Iconic West Village restaurant The Beatrice Inn’s future could be in limbo

Angie Mar turned The Beatrice Inn into a meat lover's paradise, but now the historic space is up for rent.

Written by
Bao Ong

The tussle between restaurant owners and landlords is nothing new, but in a year where a record number of restaurants have permanently closed, the future of The Beatrice Inn, one of the city’s most historic restaurants, could be in danger.

The Bea, as regulars call it, is now on the market for rent after being listed less than a week ago. It’s been a challenging year for restaurants—a New York City Hospitality Alliance survey found that 9 out of 10 restaurants couldn’t pay their rent in August, as reported by The New York Times—but for a listing to be posted is a clear indication that negotiations are tense between the landlord and owners, according to restaurant owners.

Angie Mar The Beatrice Inn
Photograph: The Beatrice Inn / Johnny Miller

Angie Mar, owner and executive chef of The Beatrice Inn, bought the restaurant and rights to the business name from ex-Vanity Fair editor in chief Graydon Carter in 2016 and has since transformed it into a destination for meat lovers, even with its high-priced menu. The space, which is located in a historic district within the West Village, opened nearly a century ago as a speakeasy. At one time, it was a trendy nightclub for Hollywood celebs. 
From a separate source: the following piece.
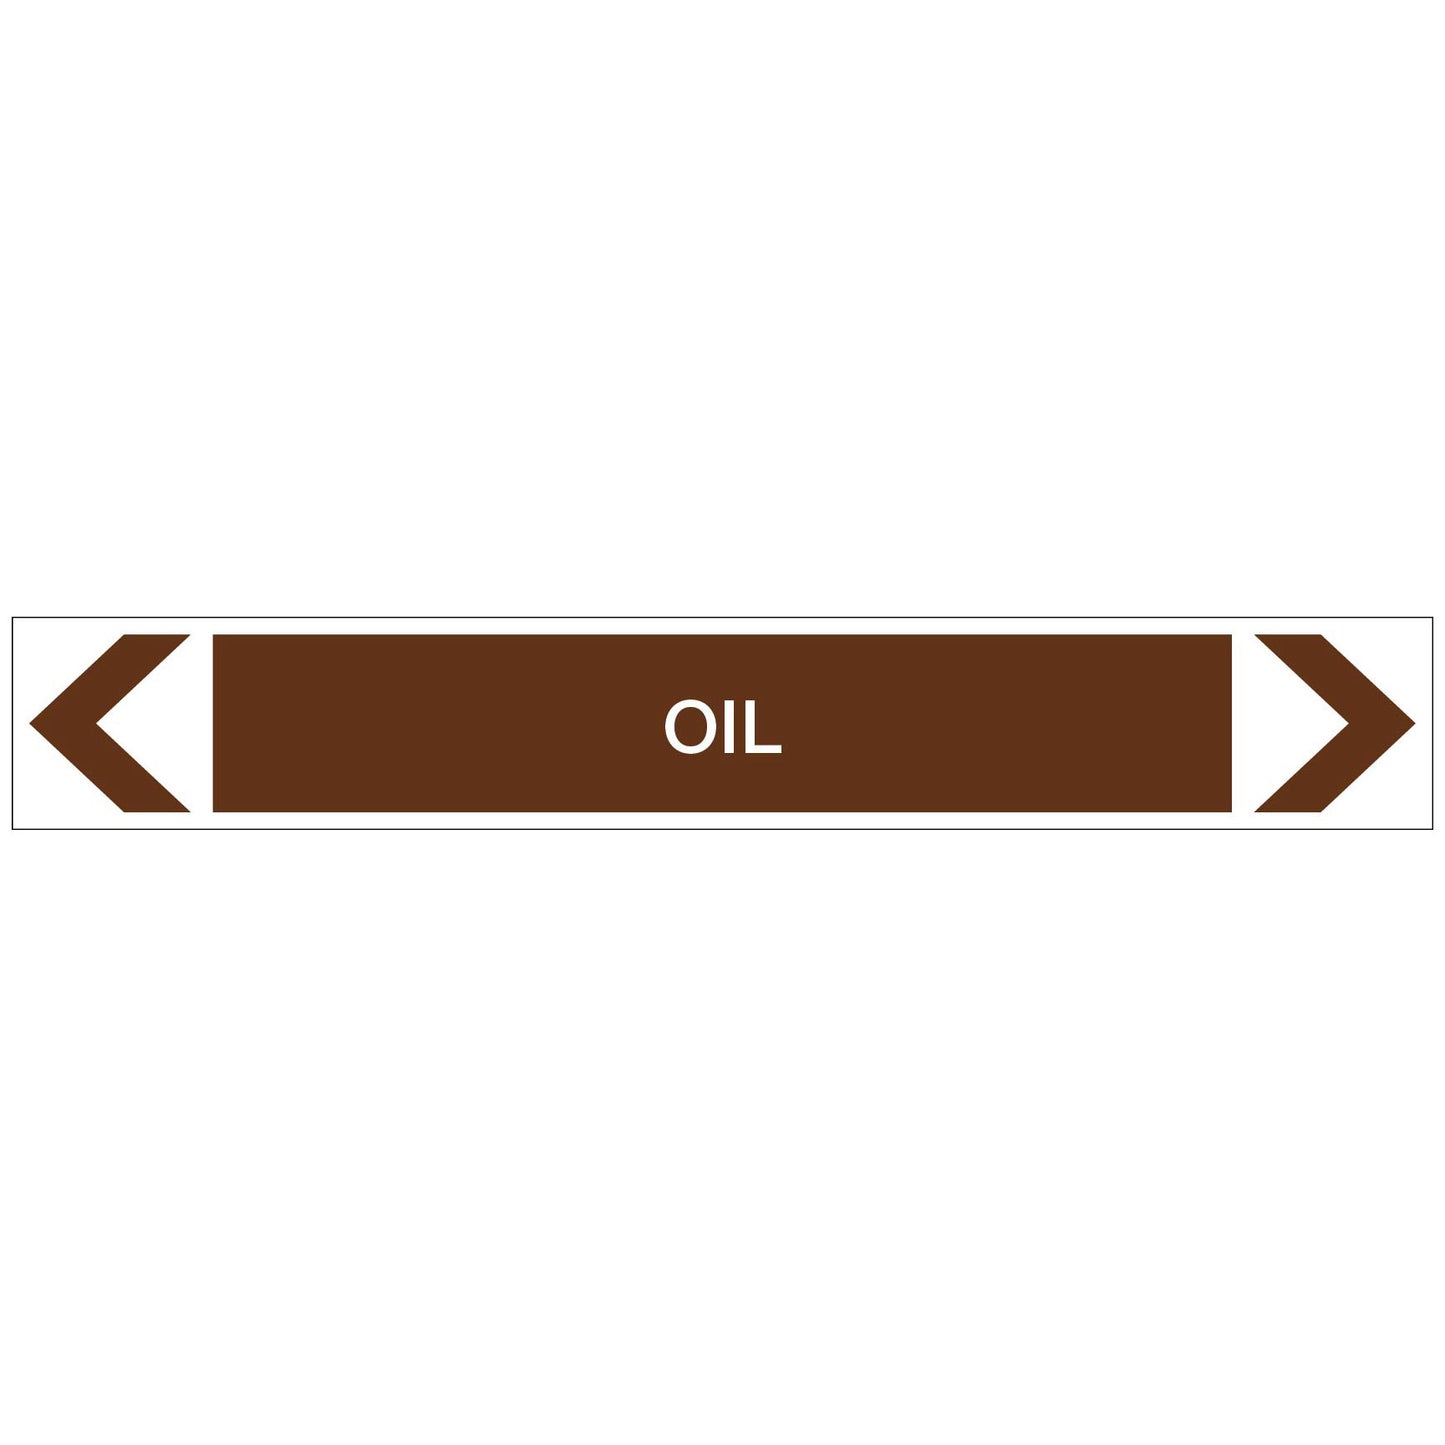 Oils - Oil - Pipe Marker Sticker

“Angie Mar and her team fervently believe in New York City and the legacy that is The Beatrice Inn,” a spokesperson for The Bea shared with Time Out New York. “They are currently in good faith negotiations to renew their lease with their landlord and making concerted efforts to determine whether a proposed increase in rent is sustainable amidst a global pandemic.”
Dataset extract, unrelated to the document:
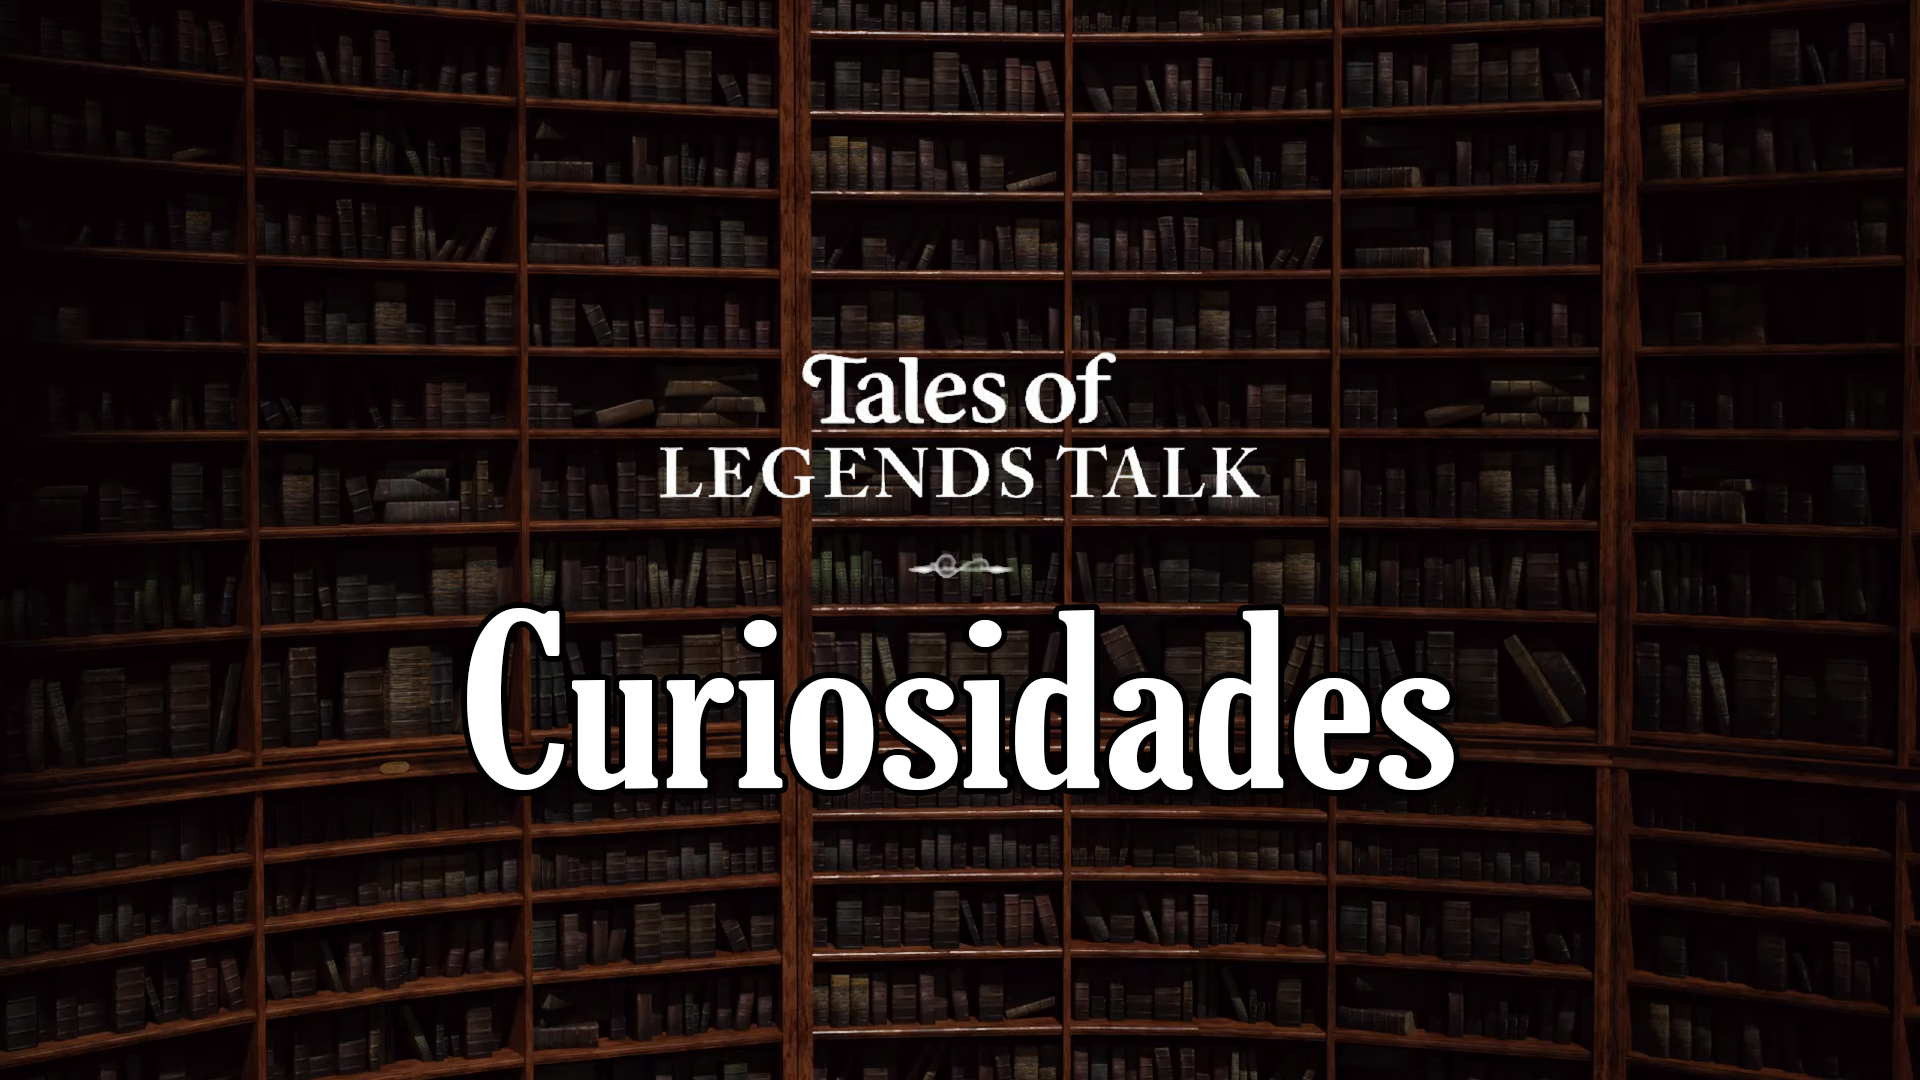 Curiosidades de las Tales of Legends Talk

Last week, Governor Andrew Cuomo said the state extended the state’s eviction moratorium on commercial leases through the end of the year (although the restaurant and landlord confirmed that The Bea’s lease isn’t up until the end of January). While it’s unclear where the negotiations are headed, the building’s landlord, Spirit Investment Partners, is painting a less rosy picture.
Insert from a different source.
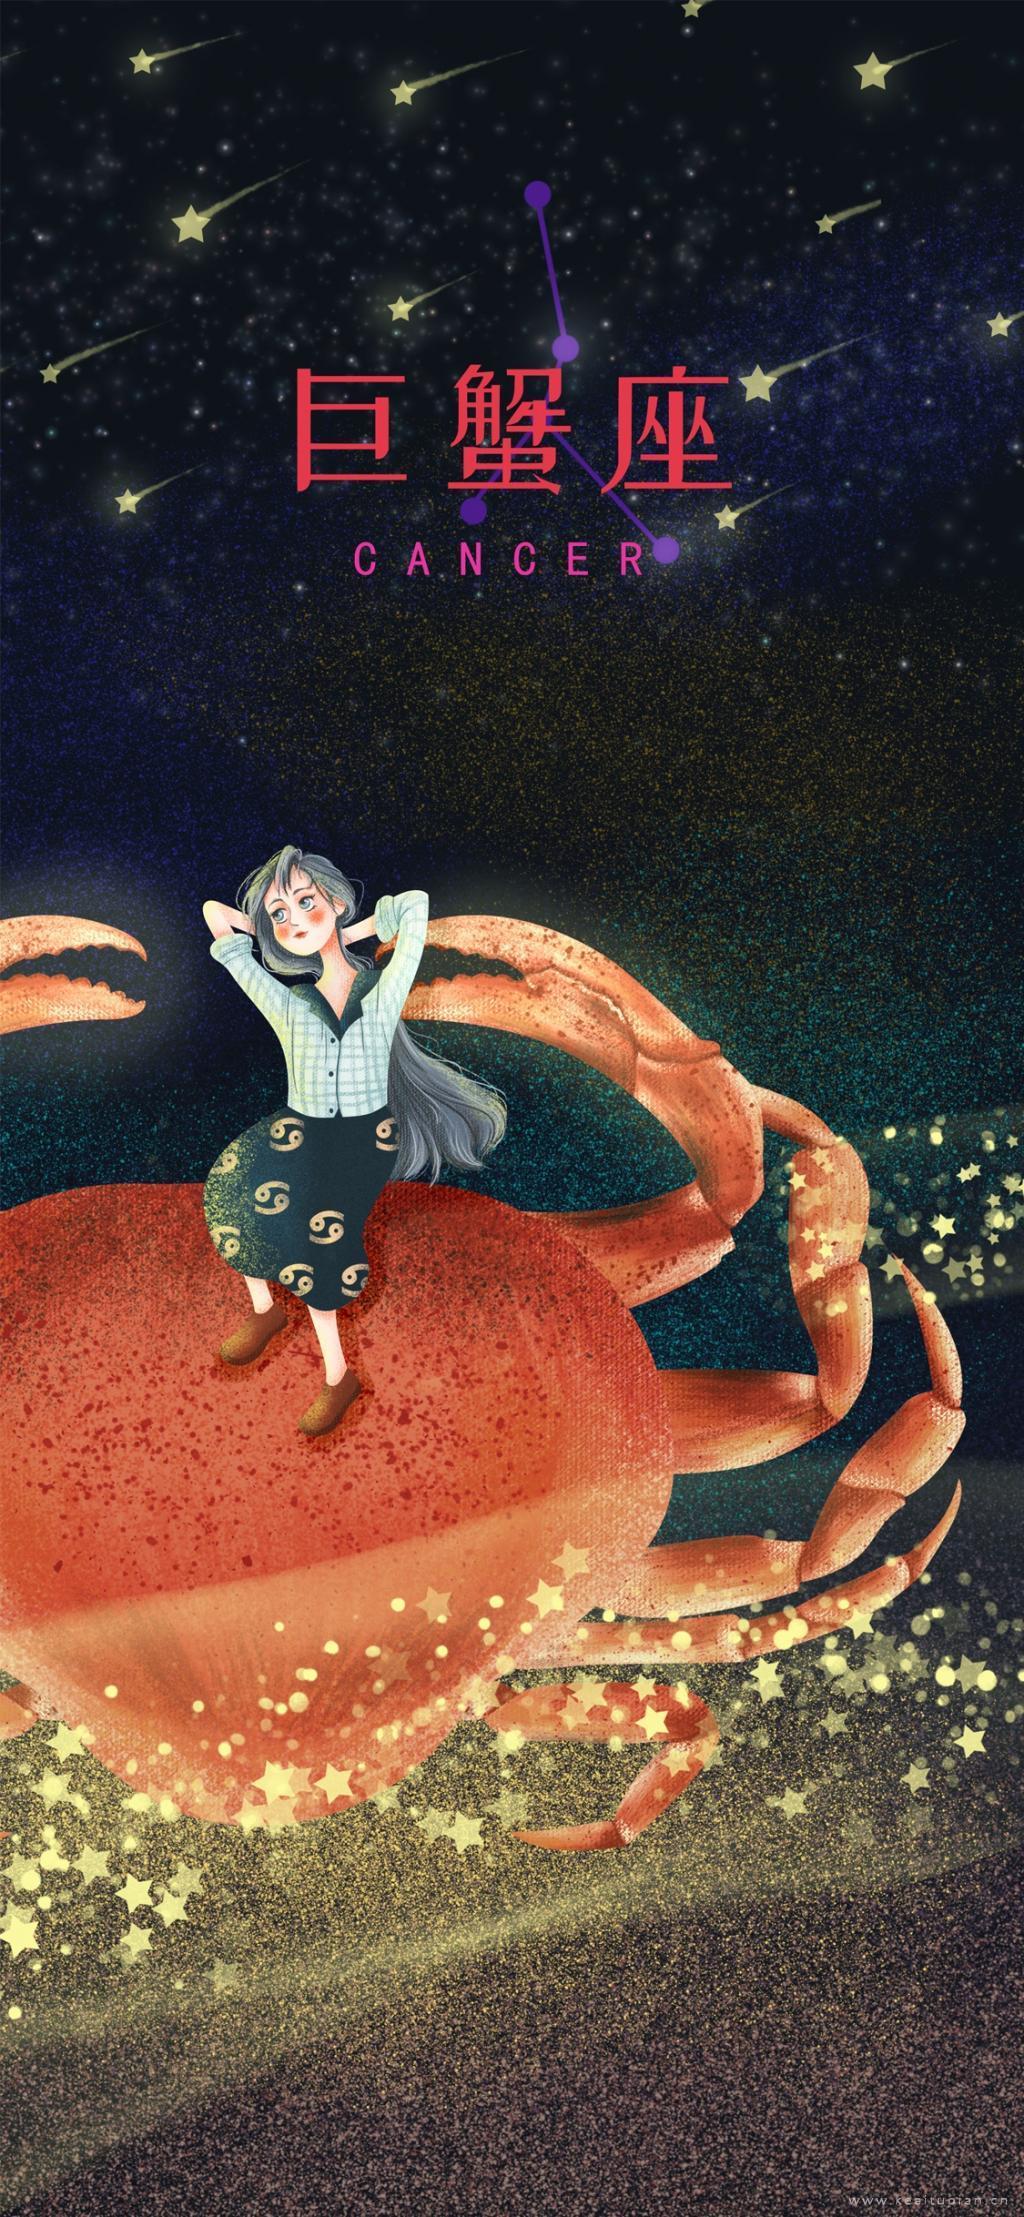 梦里有流星十二星座之巨蟹座女孩插画图片

“We would like her to stay. She's run a very successful business out of there for five years,” says David Nachman, a partner at Spirit Investment Partners. “Unfortunately, as we all know, we're trying to find a solution that's workable for both of us. We're having a tough time finding a middle ground. We don't know how much faith we have in striking a deal.”

For now, the iconic green-and-red neon sign on West 12th Street is still turned on and diners continue to dine outdoors (there’s even live music on many nights).